COVID-19 disruption will lead to 28 million surgeries cancelled worldwide
Over 28 million elective surgeries across the globe could be cancelled as a result of the COVID-19 pandemic—leading to patients facing a lengthy wait for their health issues to be resolved, a new study reveals.
The CovidSurg Collaborative has projected that, based on a 12-week period of peak disruption to hospital services due to COVID-19, 28.4 million elective surgeries worldwide will cancelled or postponed in 2020.
The modelling study, published in the British Journal of Surgery, indicates that each additional week of disruption to hospital services will be associated with a further 2.4 million cancellations.
Led by researchers at the University of Birmingham, researchers collected detailed information from surgeons across 359 hospitals and 71 countries on plans for cancellation of elective surgery. This data was then statistically modelled to estimate totals for cancelled surgery across 190 countries (attached).

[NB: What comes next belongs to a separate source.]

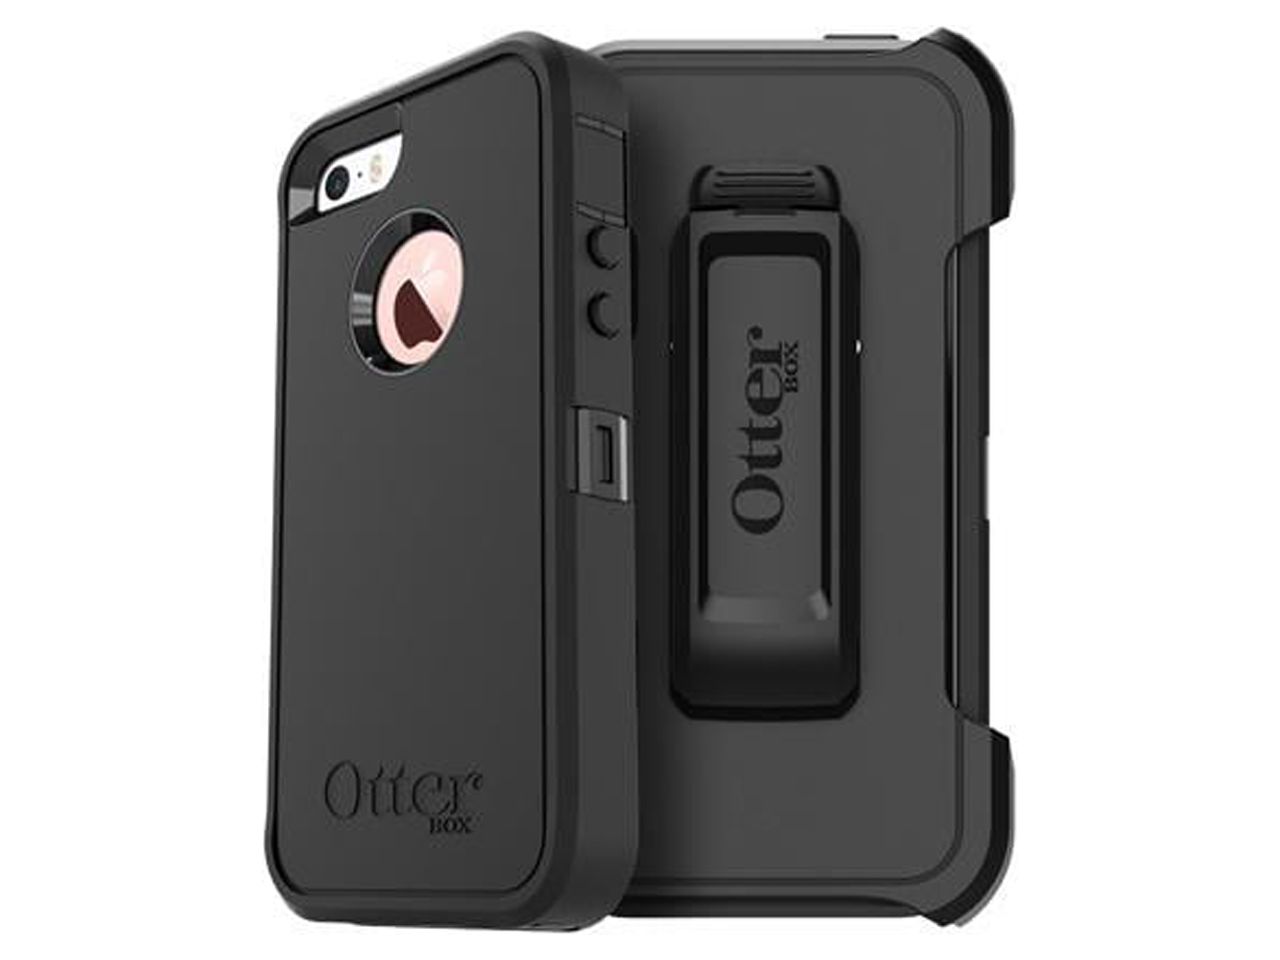 OtterBox Defender Carrying Case (Holster) iPhone 5, iPhone 5S, iPhone SE - Black - image 1 of 7
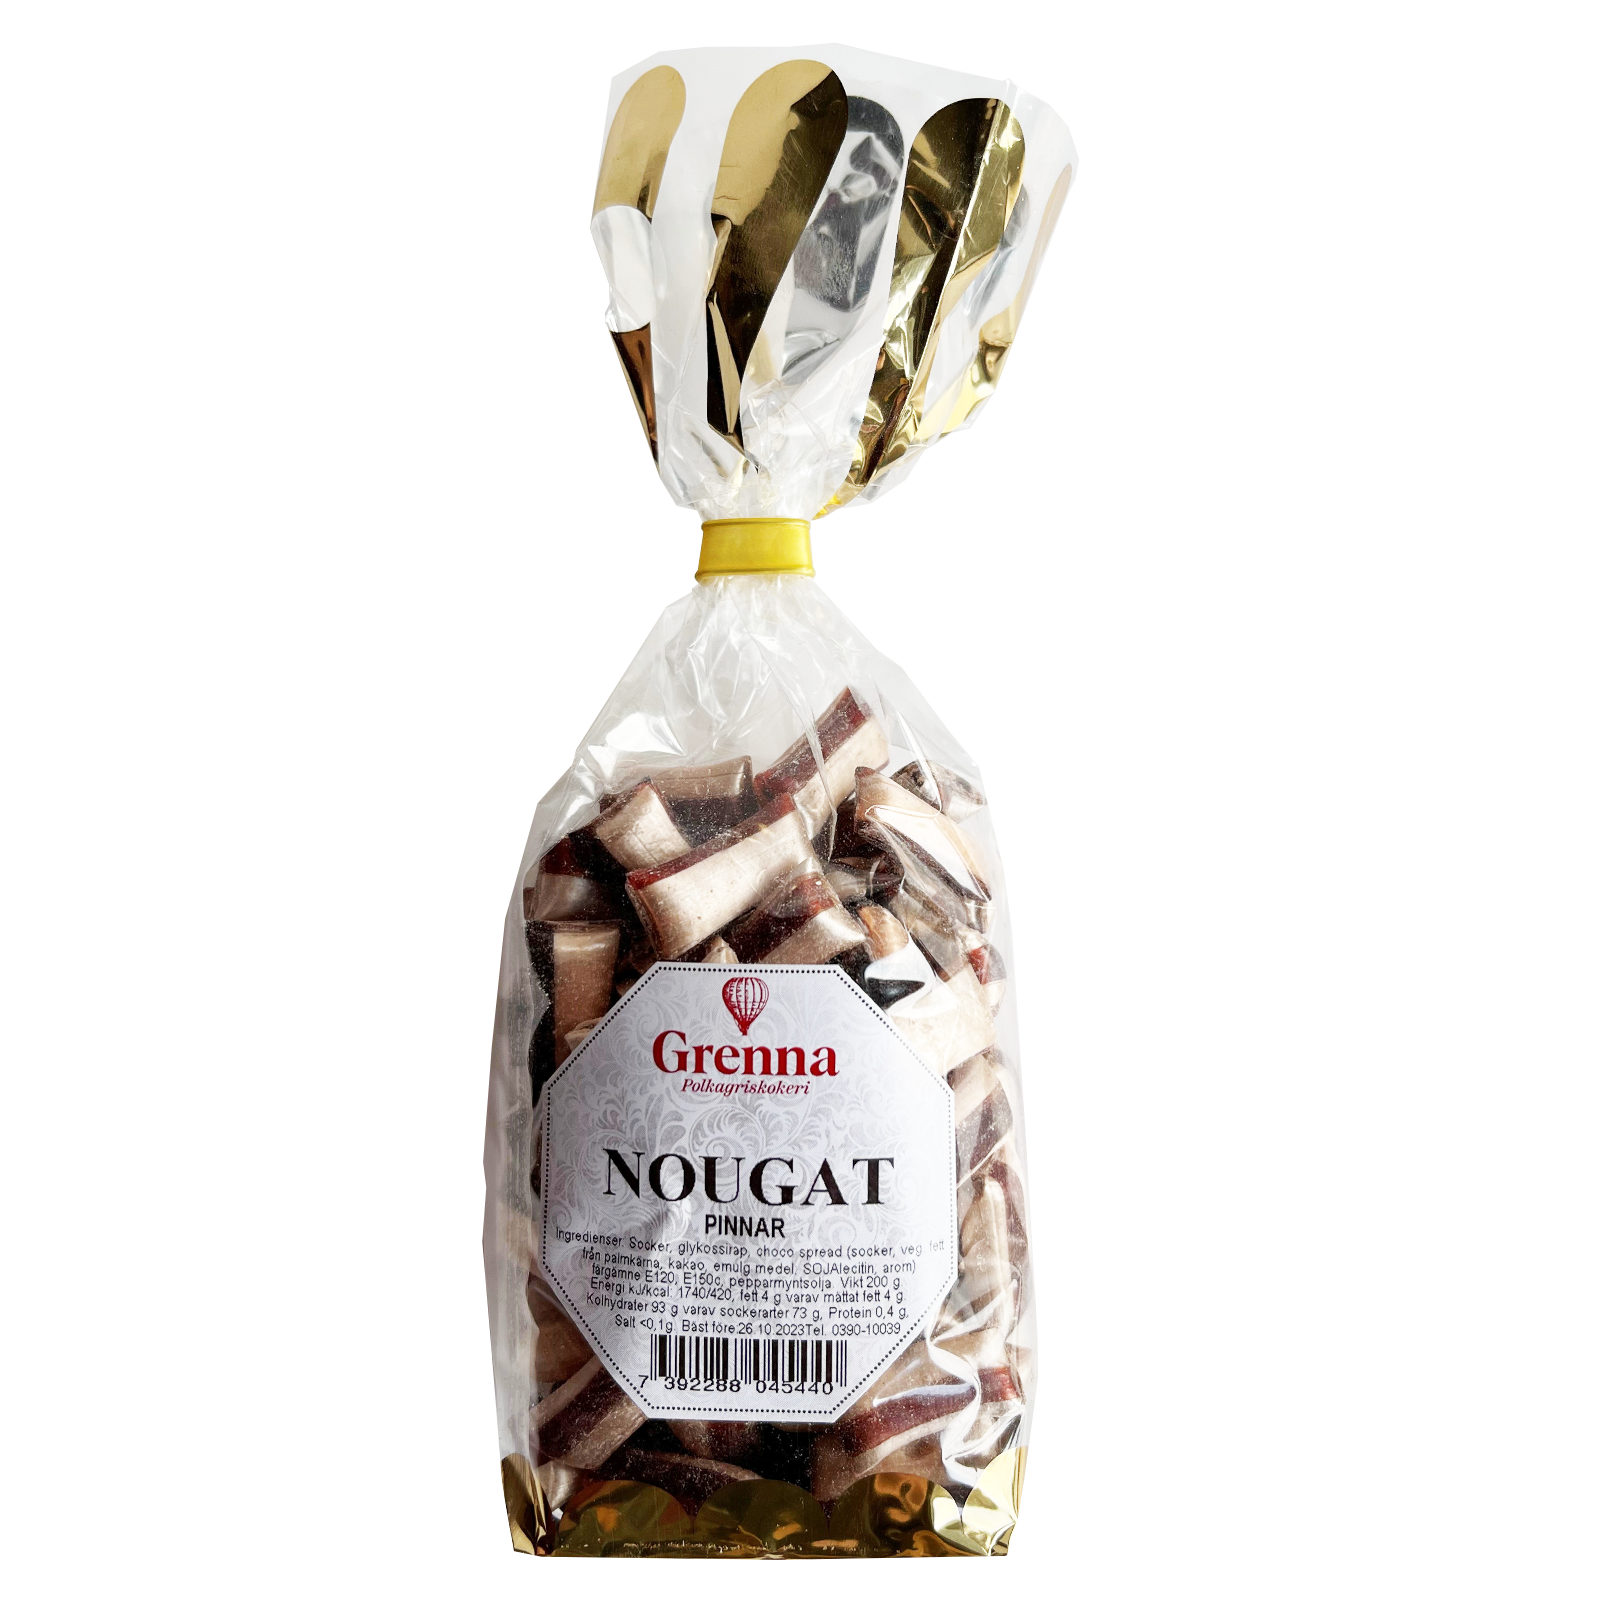 Chocolate filled nougat sweets

The researchers project that worldwide 72.3% of planned surgeries would be cancelled through the peak period of COVID-19 related disruption. Most cancelled surgeries will be for non-cancer conditions. Orthopaedic procedures will be cancelled most frequently, with 6.3 million orthopaedic surgeries cancelled worldwide over a 12-week period. It is also projected that globally 2.3 million cancer surgeries will be cancelled or postponed.
In the United Kingdom, the National Health Service advised hospitals to cancel most elective surgeries for 12 weeks. It is estimated that this will result in 516,000 cancelled surgeries, including 36,000 cancer procedures. These cancellations will create a backlog that will need to be cleared after the COVID-19 disruption ends.
If, after the disruption ends, the NHS increases the number of surgeries performed each week by 20% compared to pre-pandemic activity, it will take 11 months to clear the backlog. However, each additional week of disruption will lead to the cancellation of an extra 43,300 surgeries, significantly extending the period it will take to clear the backlog.
Mr. Aneel Bhangu, Consultant Surgeon and Senior Lecturer at the NIHR Global Health Research Unit on Global Surgery at the University of Birmingham commented: "During the COVID-19 pandemics elective surgeries have been cancelled to reduce the risk of patients being exposed to COVID-19 in hospital, and to support the wider hospital response, for example by converting operating theatres in to intensive care units.
"Although essential, cancellations place a heavy burden on patients and society. Patients' conditions may deteriorate, worsening their quality of life as they wait for rescheduled surgery. In some cases, for example cancer, delayed surgeries may lead to a number of unnecessary deaths."
Dr. Dmitri Nepogodiev, Research Fellow at the NIHR Global Health Research Unit on Global Surgery at the University of Birmingham said: "Each additional week of disruption to hospital services results in an additional 43,300 surgeries being cancelled, so it is important that hospitals regularly assess the situation so that elective surgery can be resumed at the earliest opportunity.
"Clearing the backlog of elective surgeries created by COVID-19 will cost the National Health Service at least £2 billion. The Government must ensure that the NHS is provided with additional funding and resources to ramp up elective surgery to clear the backlog."